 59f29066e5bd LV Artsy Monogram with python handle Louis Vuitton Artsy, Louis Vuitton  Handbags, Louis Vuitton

____

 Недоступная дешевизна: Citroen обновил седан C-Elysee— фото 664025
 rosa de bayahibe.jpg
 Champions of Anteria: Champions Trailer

____

=== PROMPT ===
Out of the data above, give again only the lines starting at the one holding "rosa de bayahibe.jpg" and ending at the one holding "Champions of Anteria: Champions Trailer", unchanged.

=== COMPLETED EXERCISE ===
 rosa de bayahibe.jpg
 Champions of Anteria: Champions Trailer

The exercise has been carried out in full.